* **RECORDED DATA**:

####

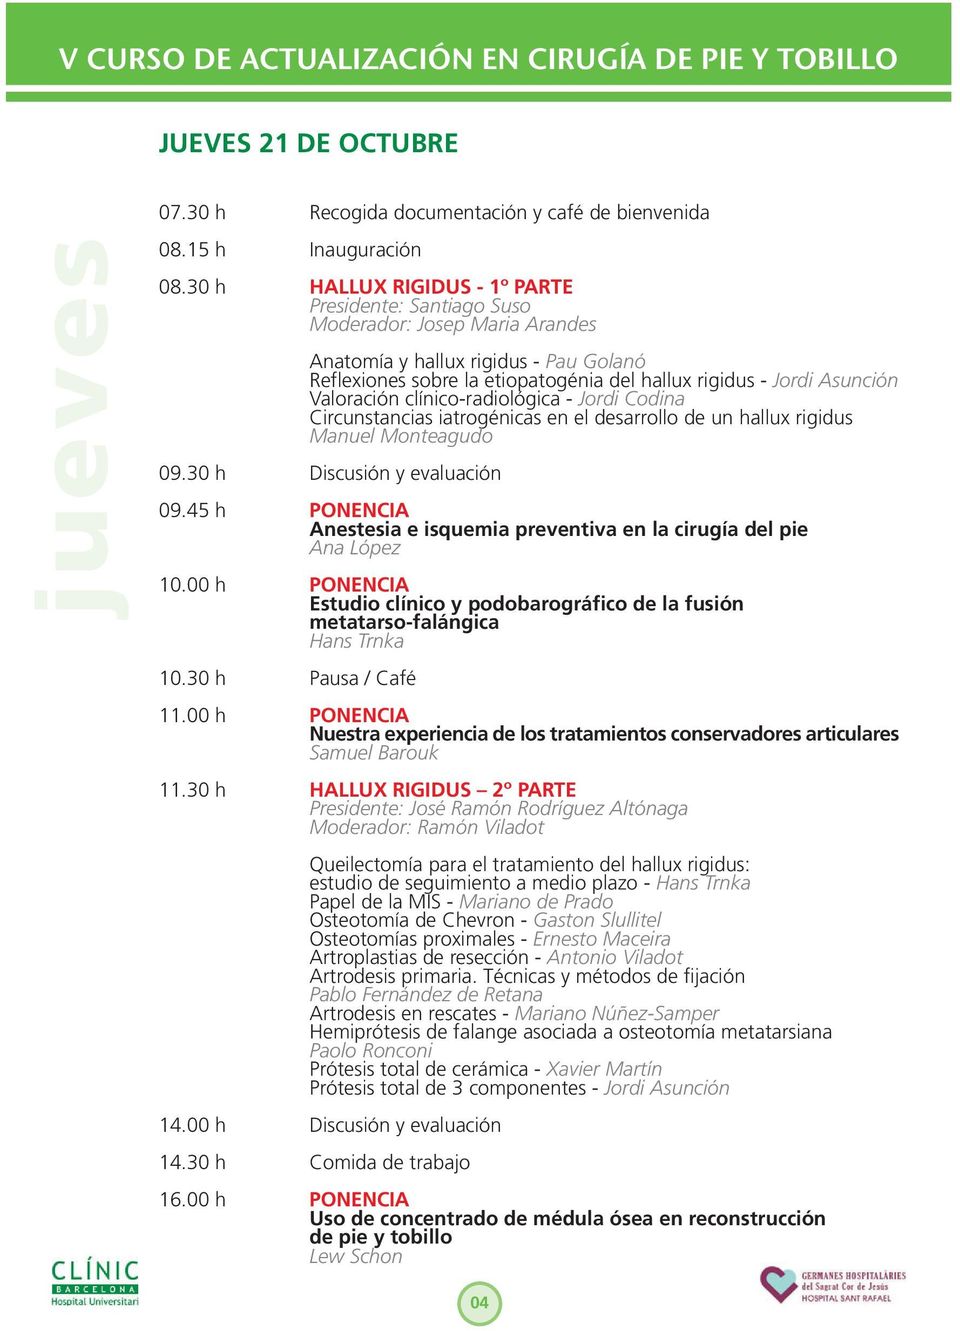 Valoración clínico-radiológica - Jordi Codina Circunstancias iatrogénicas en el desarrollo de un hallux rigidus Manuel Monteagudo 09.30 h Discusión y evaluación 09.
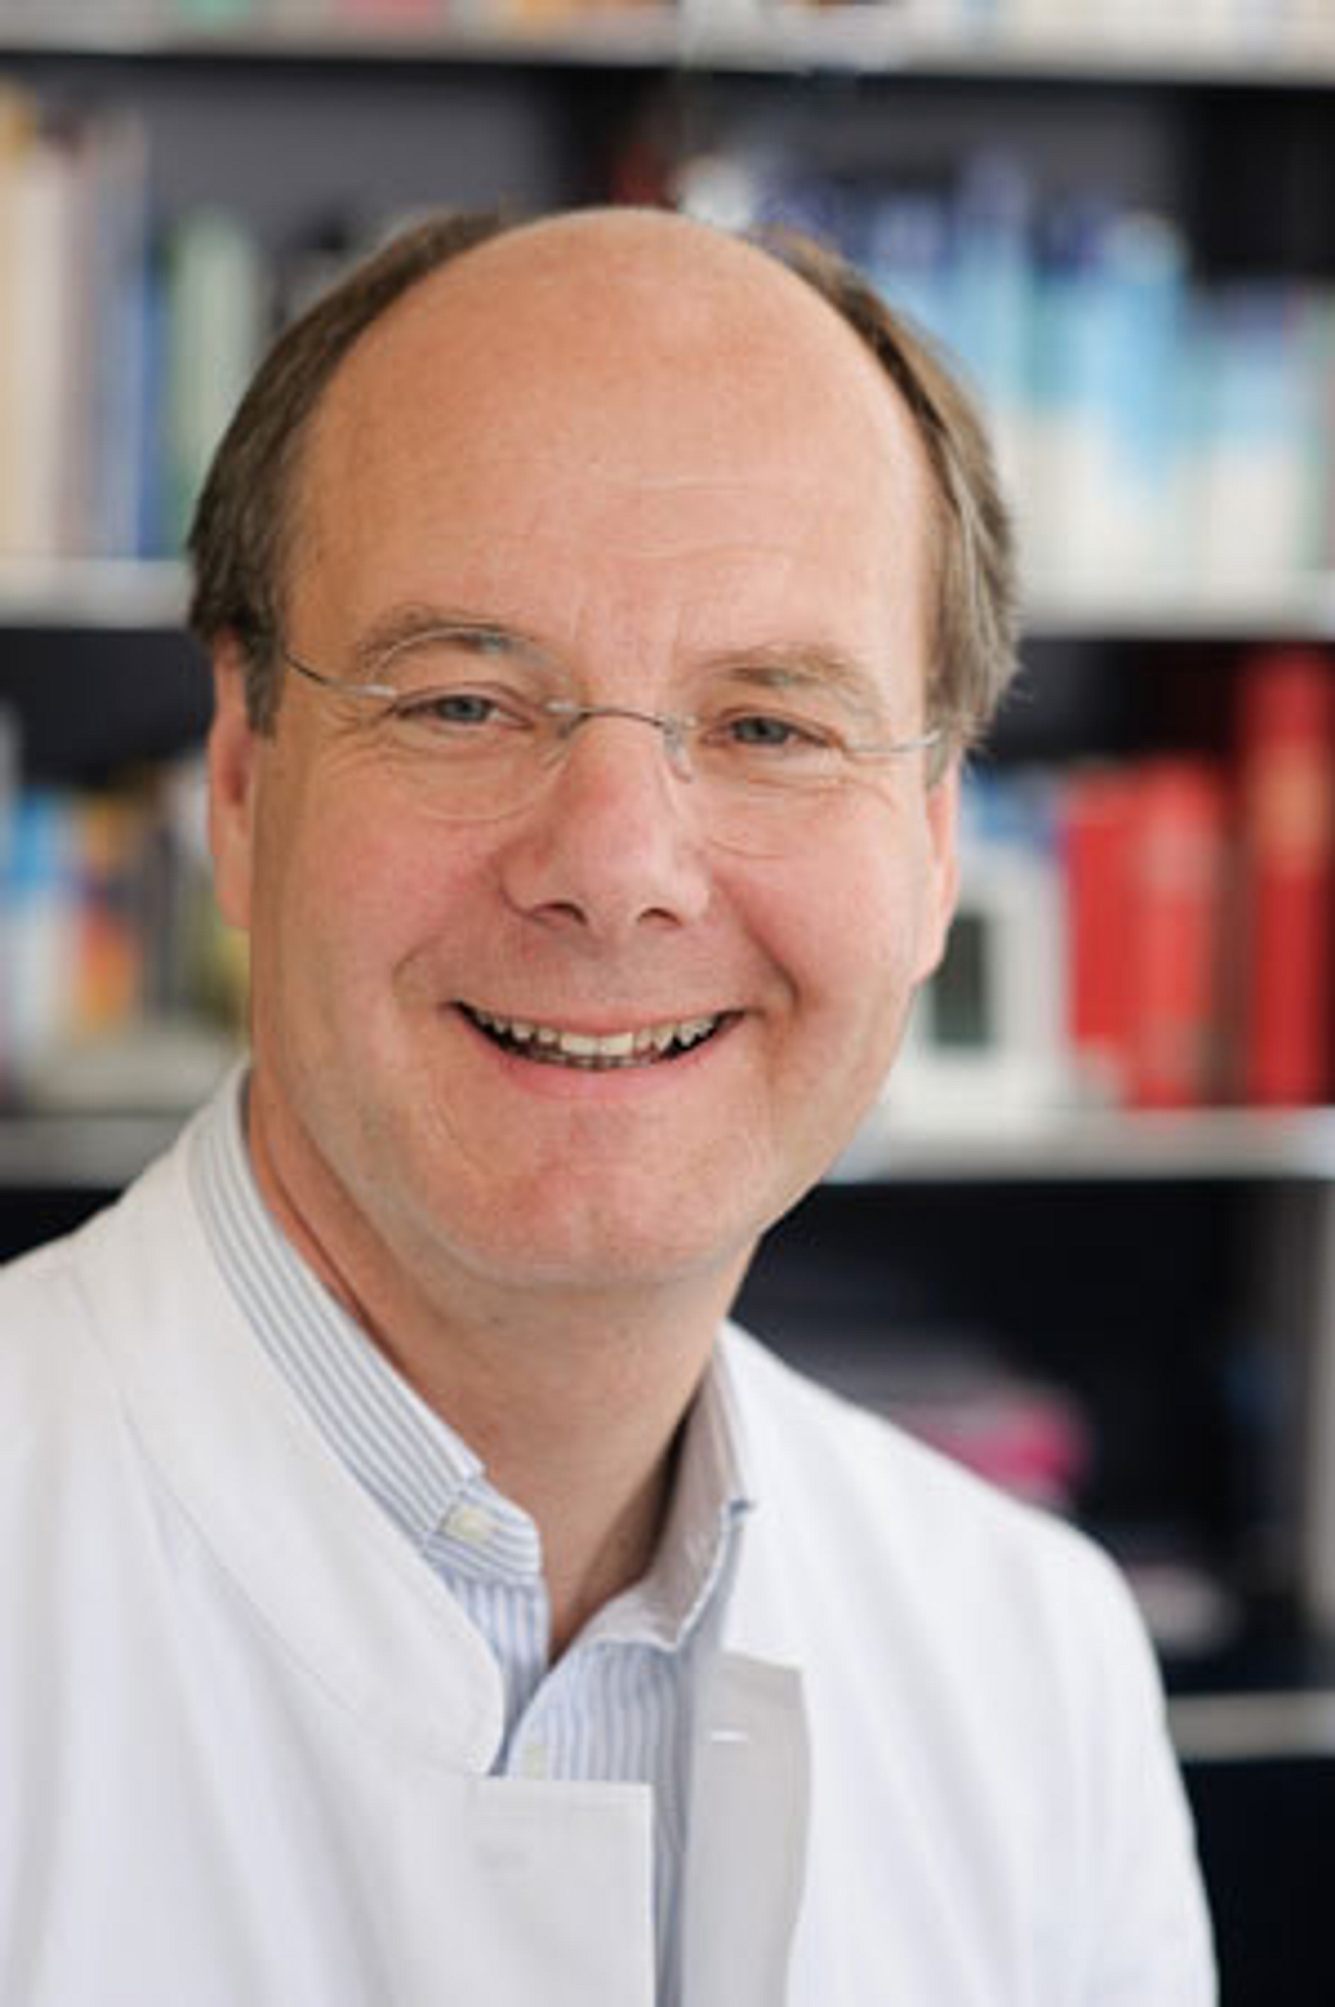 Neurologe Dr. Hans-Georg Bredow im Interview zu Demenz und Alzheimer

####

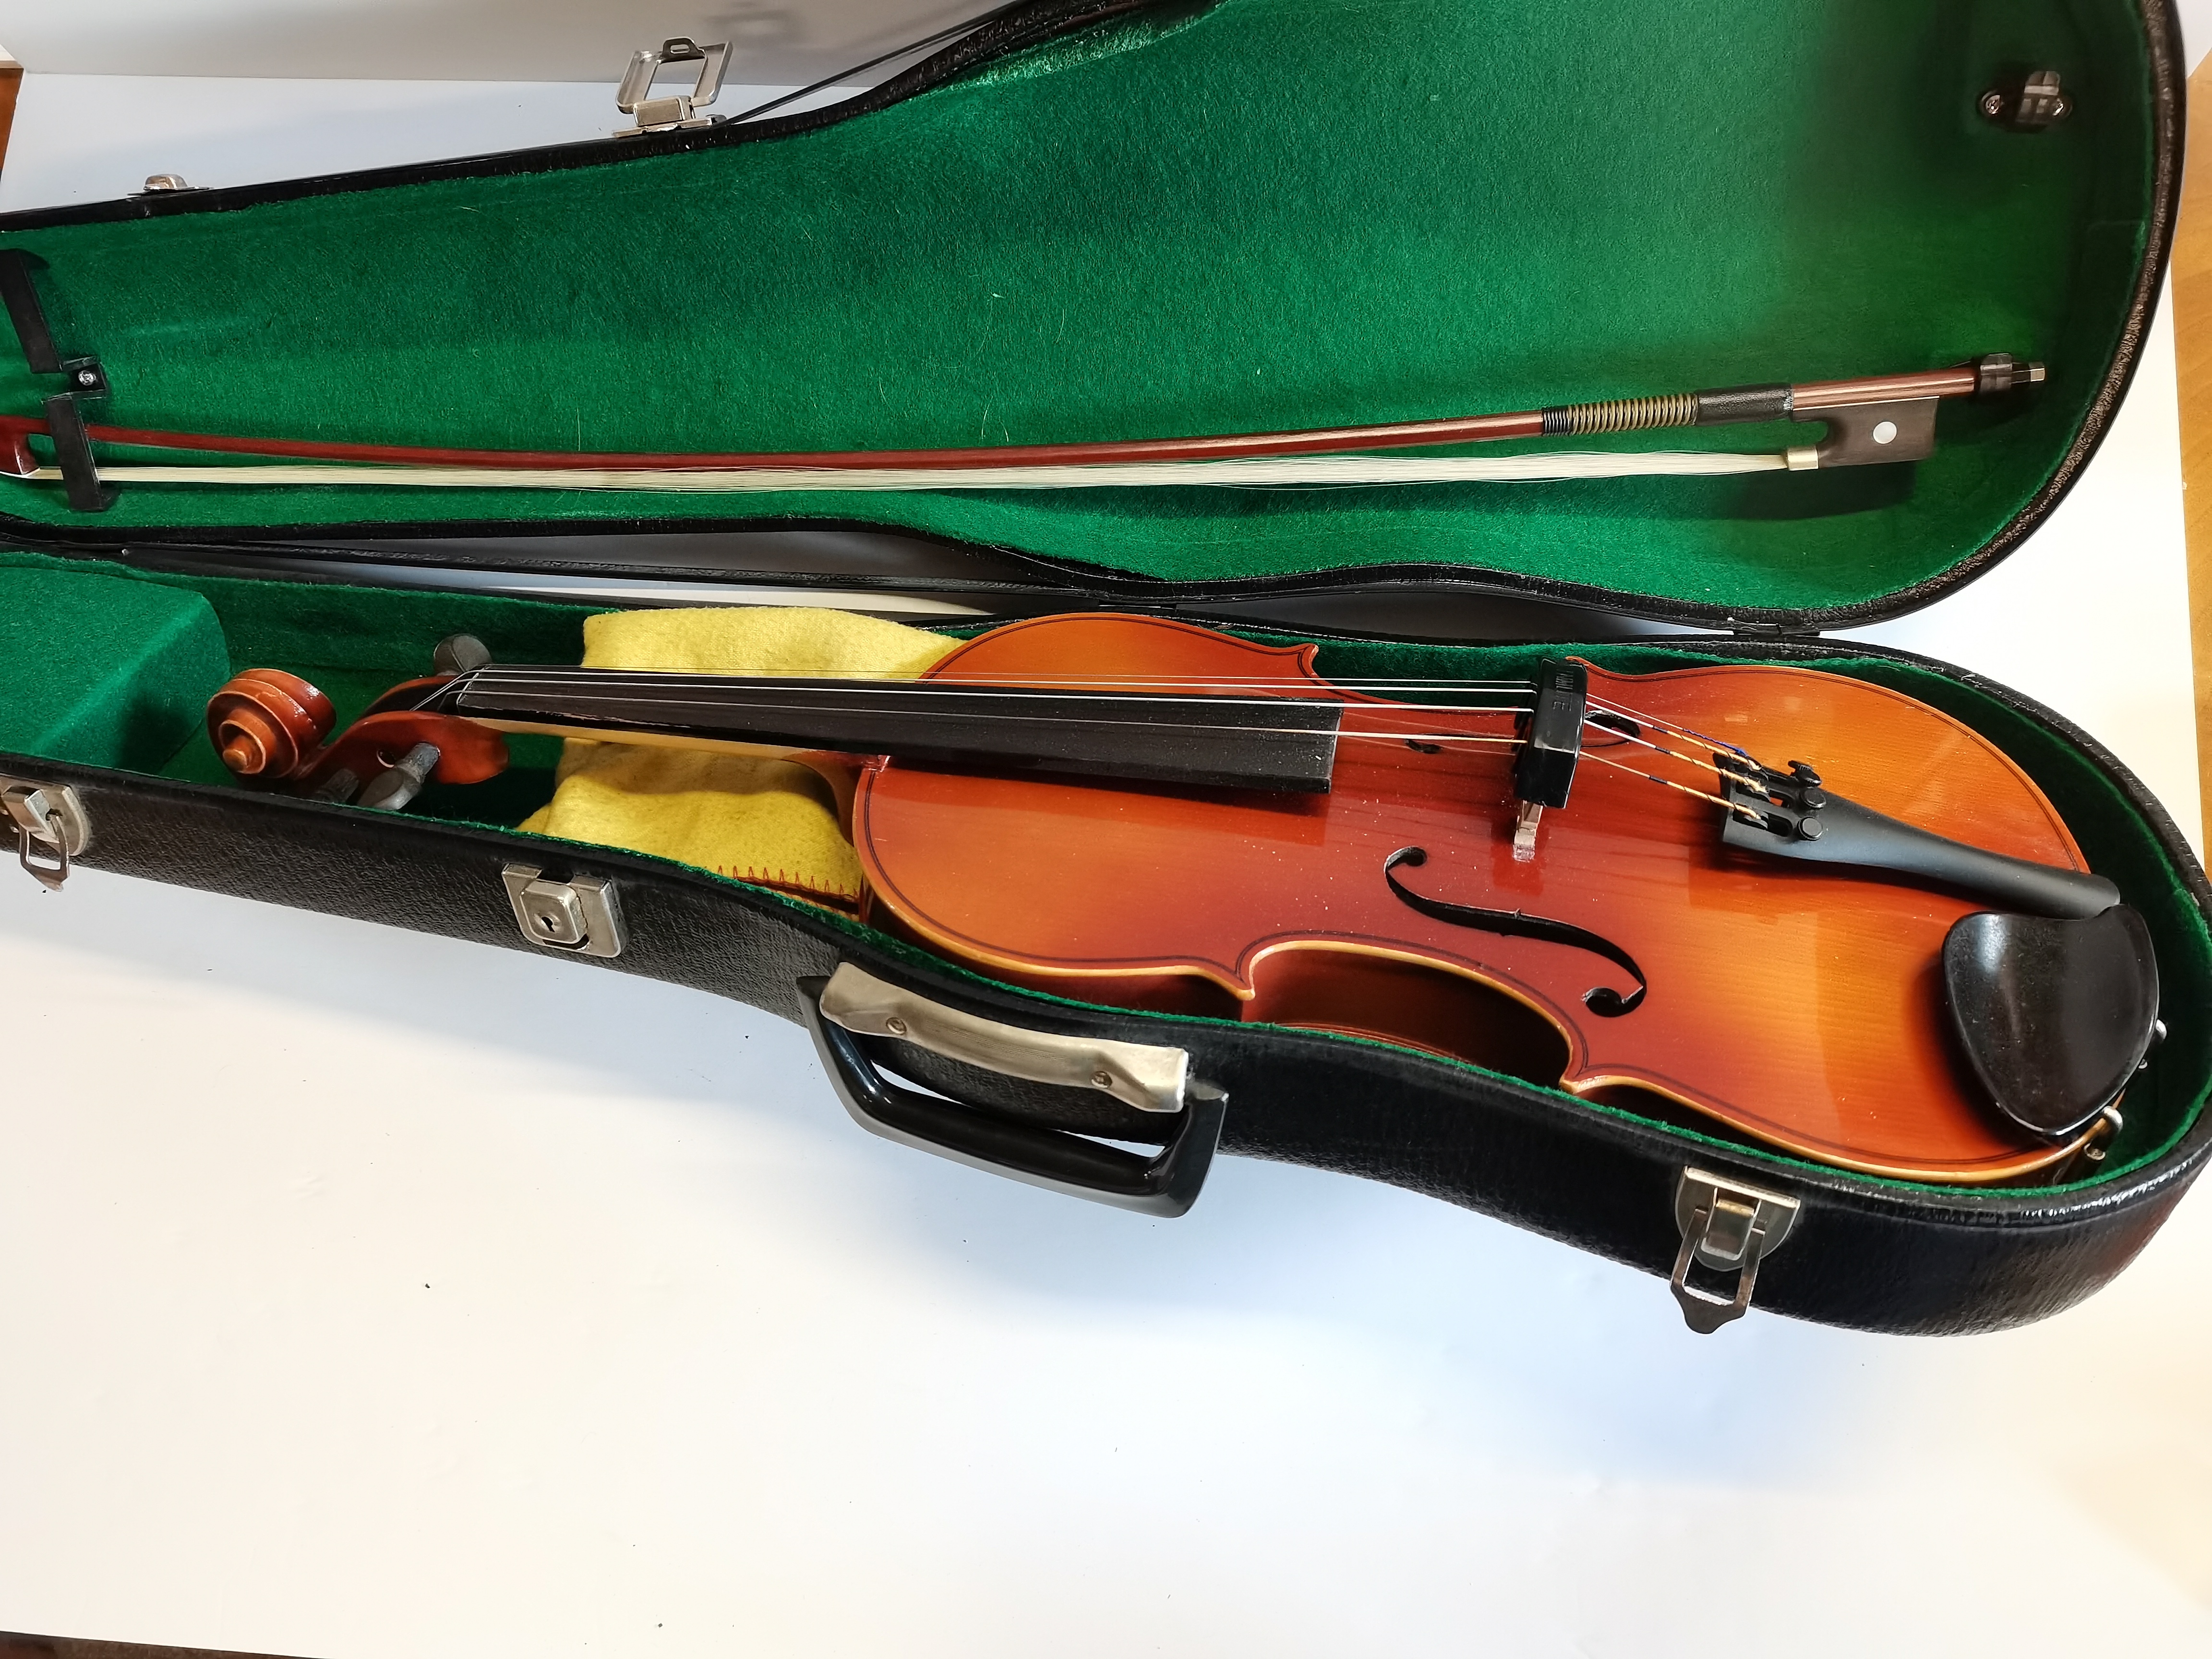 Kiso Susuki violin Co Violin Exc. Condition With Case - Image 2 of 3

####

From the records above, copy exactly the lines starting at the one with "Valoración clínico-radiológica - Jordi" and ending at the one with "Neurologe Dr. Hans-Georg", and no others. Pictures stay out.

 Valoración clínico-radiológica - Jordi Codina Circunstancias iatrogénicas en el desarrollo de un hallux rigidus Manuel Monteagudo 09.30 h Discusión y evaluación 09.
 Neurologe Dr. Hans-Georg Bredow im Interview zu Demenz und Alzheimer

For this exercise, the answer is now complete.